§ WHAT YOU SHOULD DO
Omit every picture, then return the listing verbatim.
(DATA SHOWN Opens)
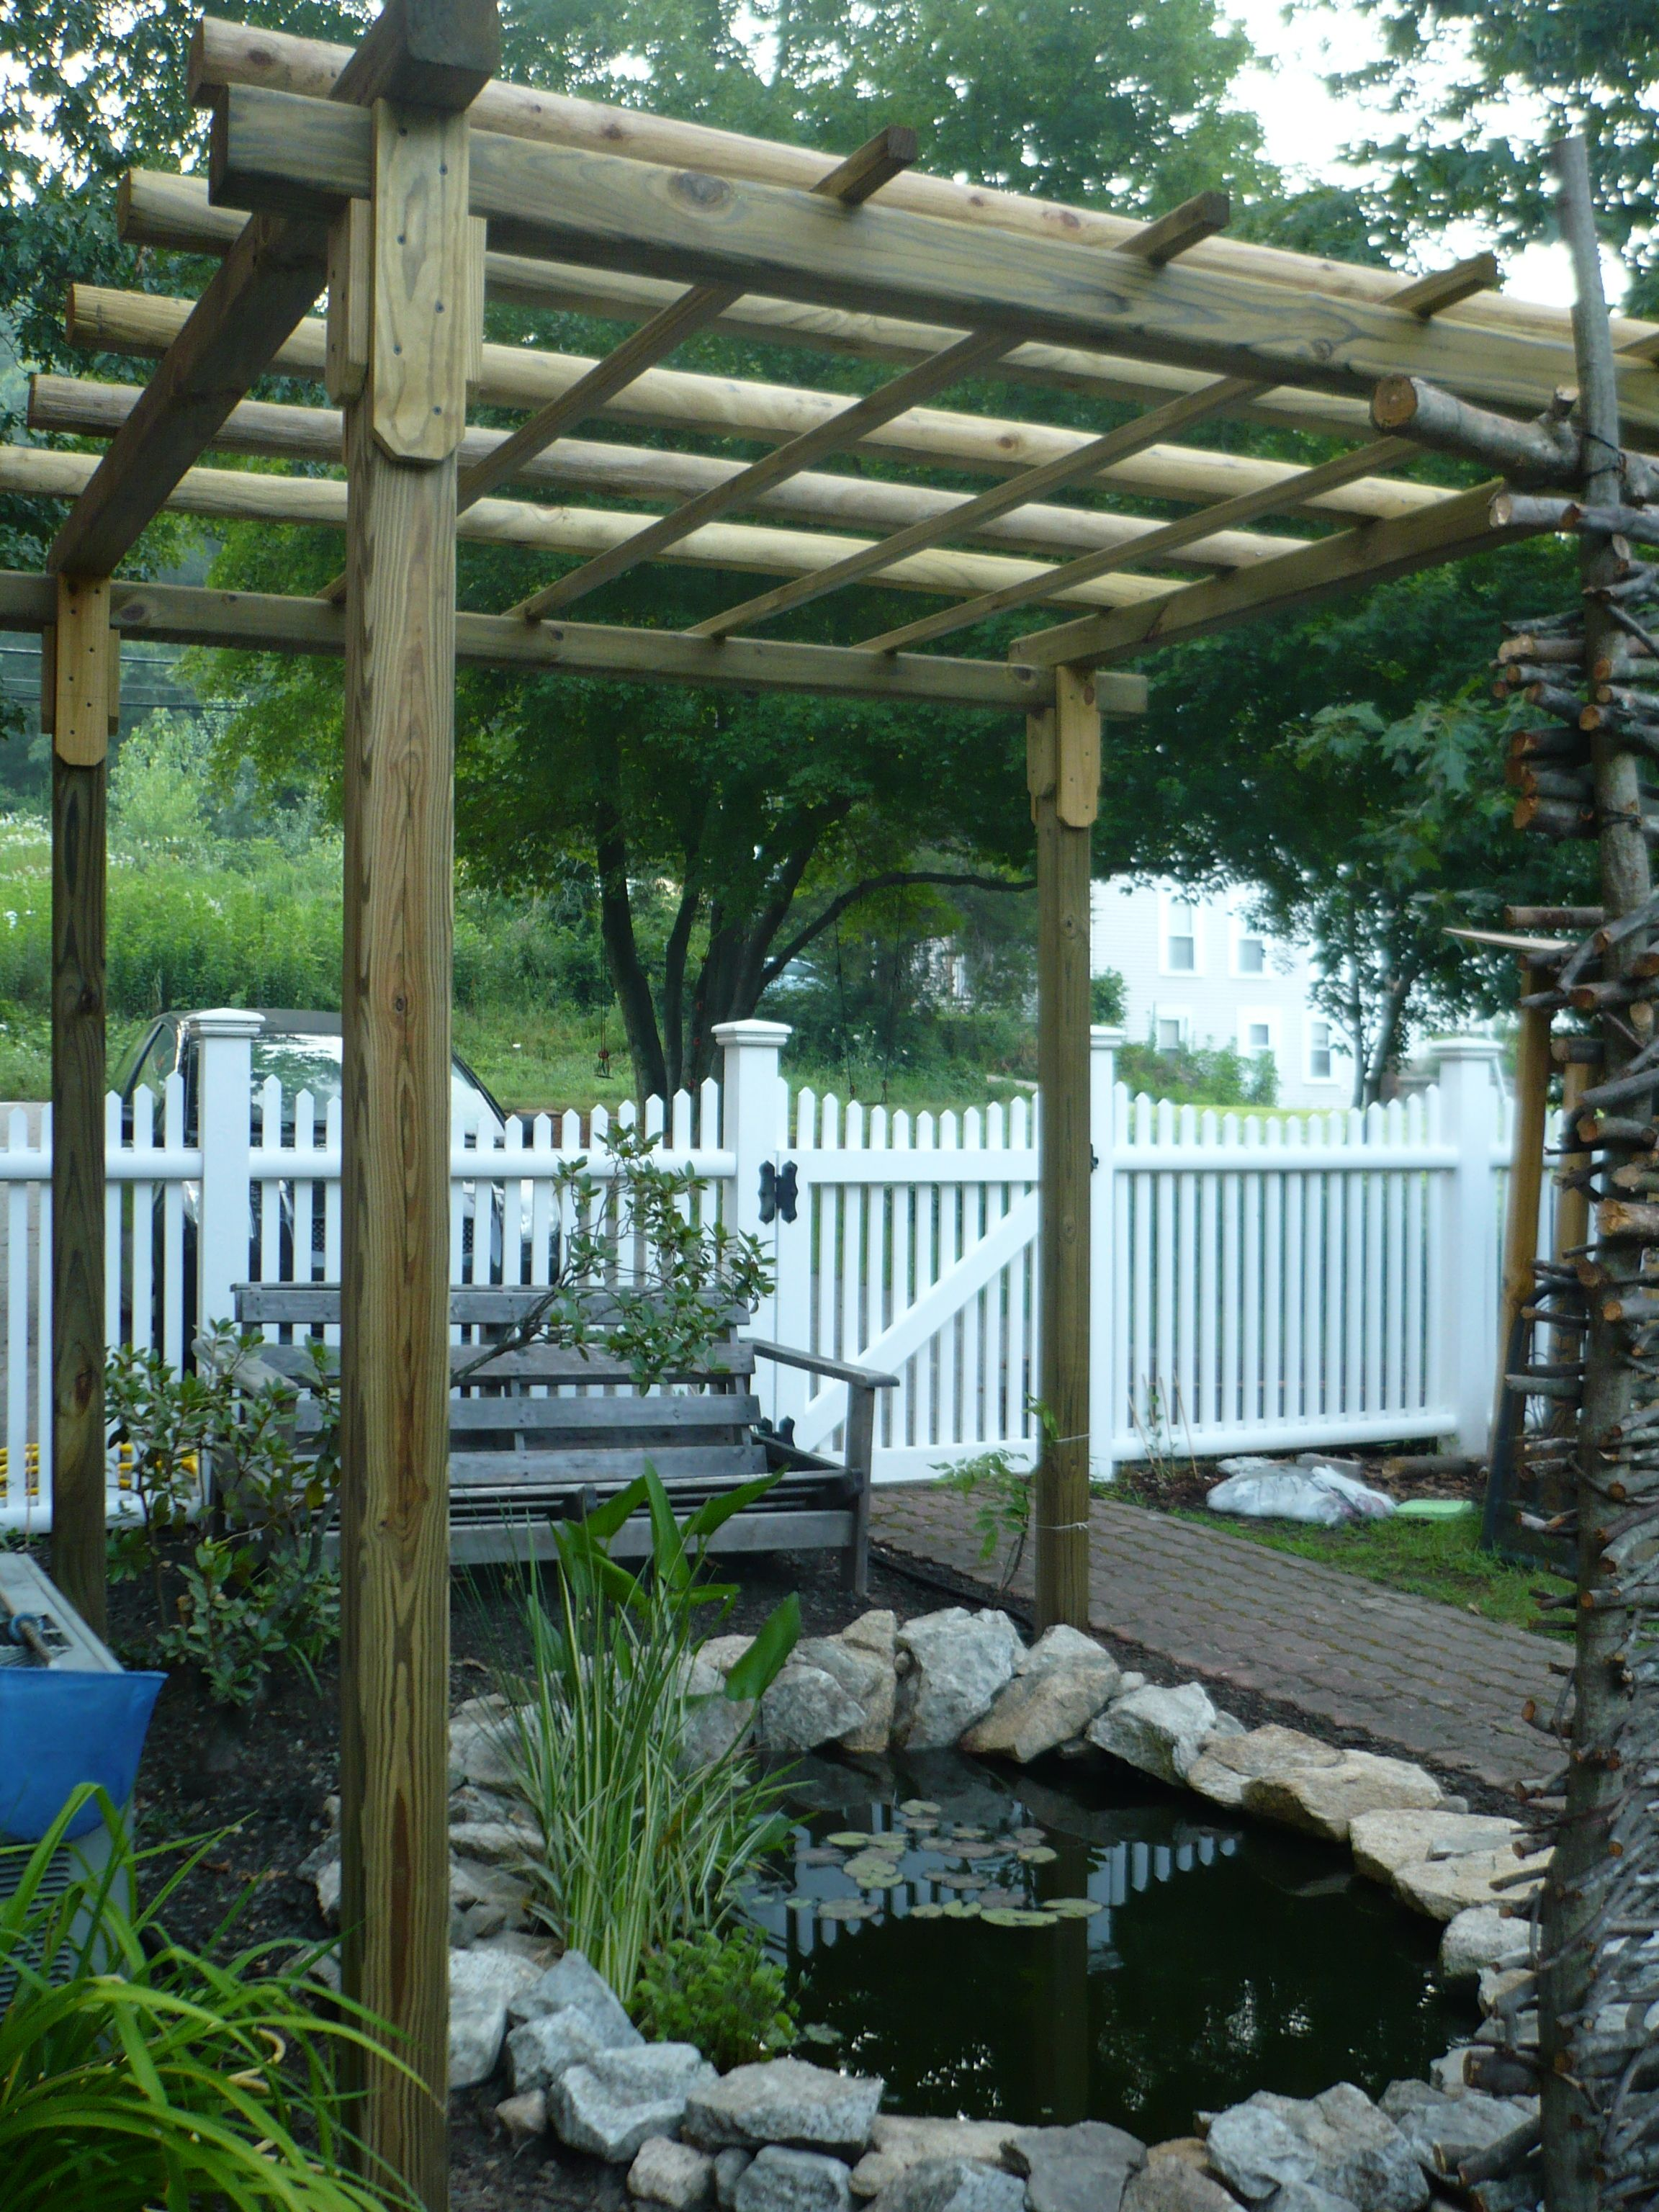 Pergola I decided to build a pergola over the pond Hoping this
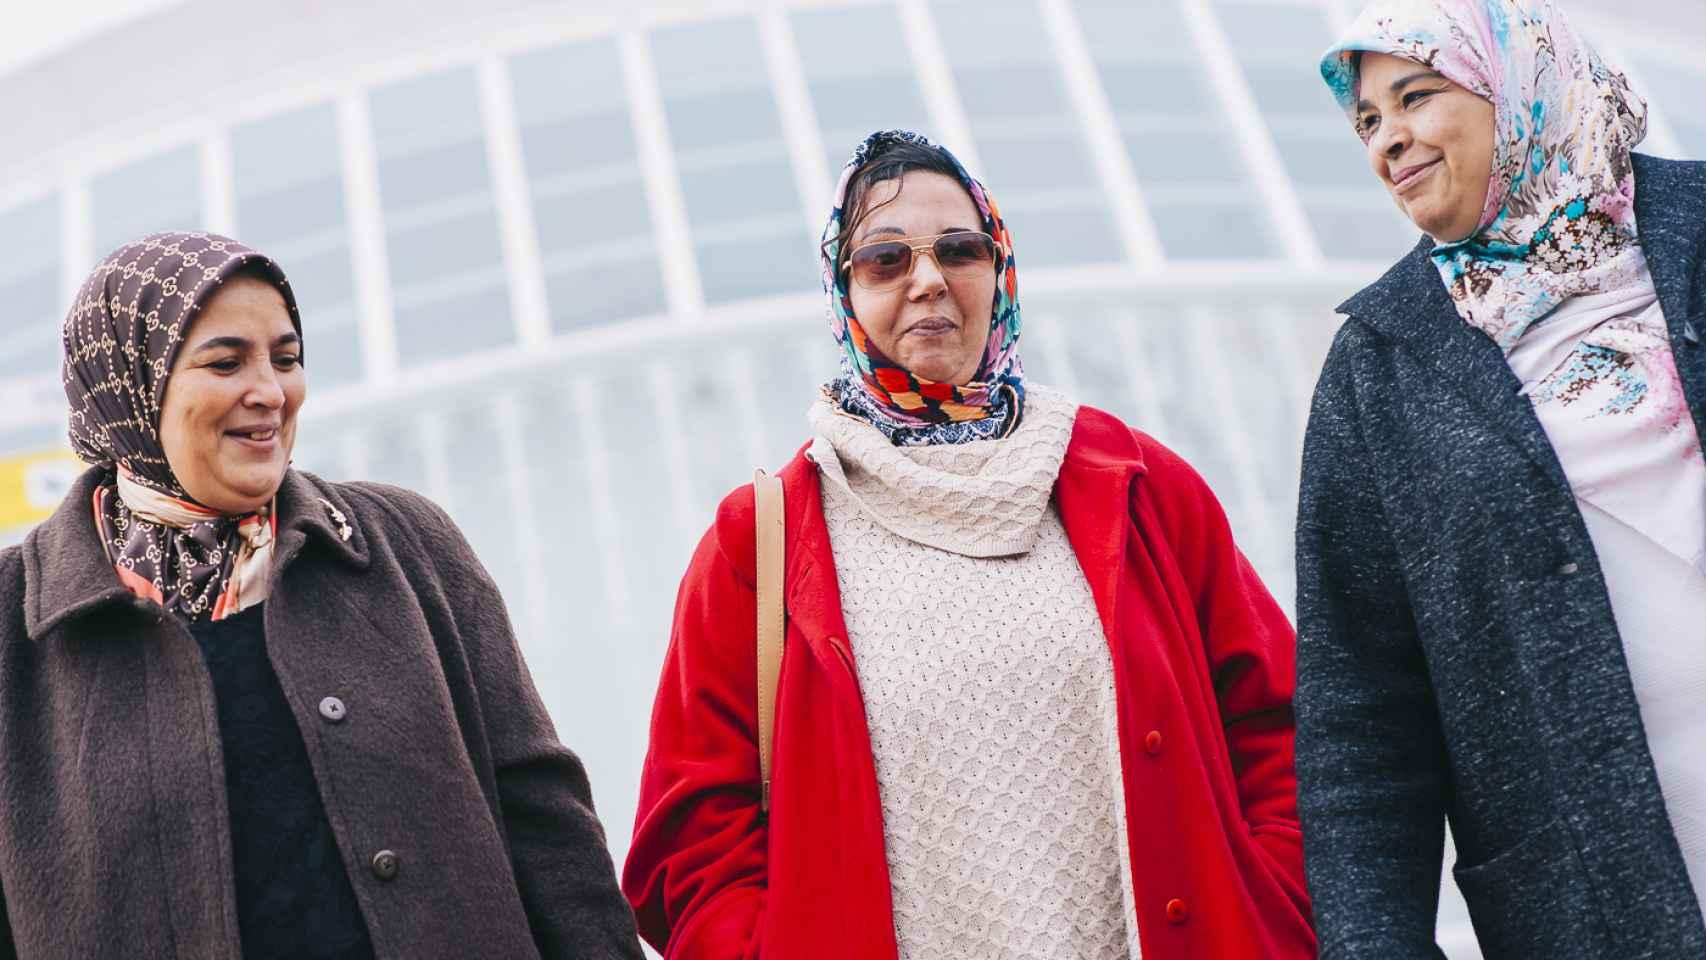 A la izquierda, Samira Zine, quien acogió a la paciente en su casa durante un año. A la derecha, Latifa Boumediane. Las tres se han convertido en grandes amigas.
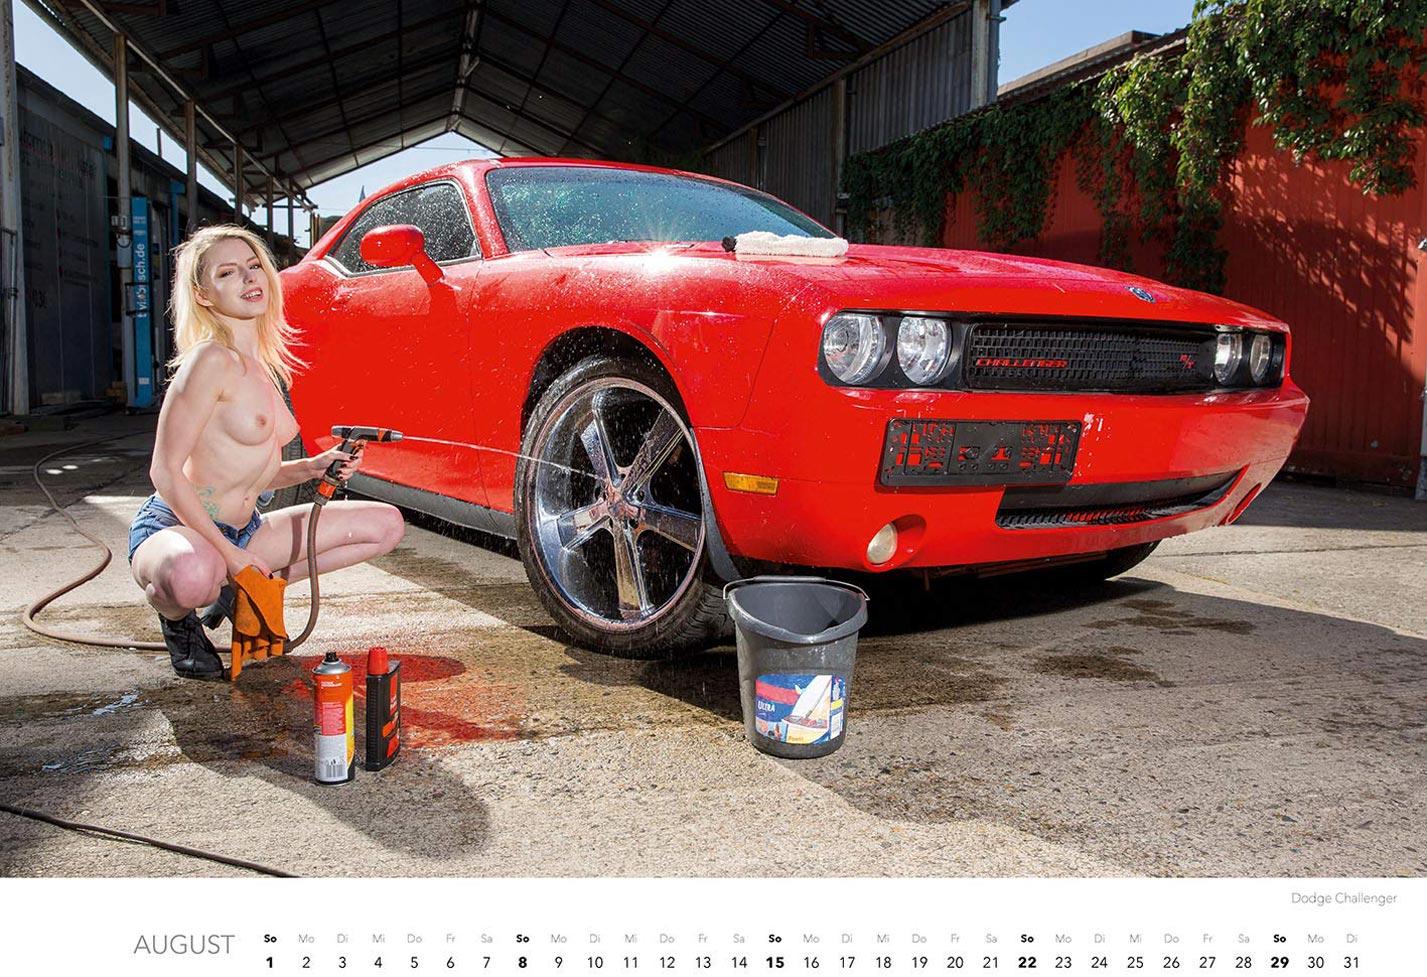 Эротический календарь с сексуальными полуголыми девушками, моющими машины / август
(DATA SHOWN Closes)
§ EXPECTED ANSWER
 Pergola I decided to build a pergola over the pond Hoping this
 A la izquierda, Samira Zine, quien acogió a la paciente en su casa durante un año. A la derecha, Latifa Boumediane. Las tres se han convertido en grandes amigas.
 Эротический календарь с сексуальными полуголыми девушками, моющими машины / август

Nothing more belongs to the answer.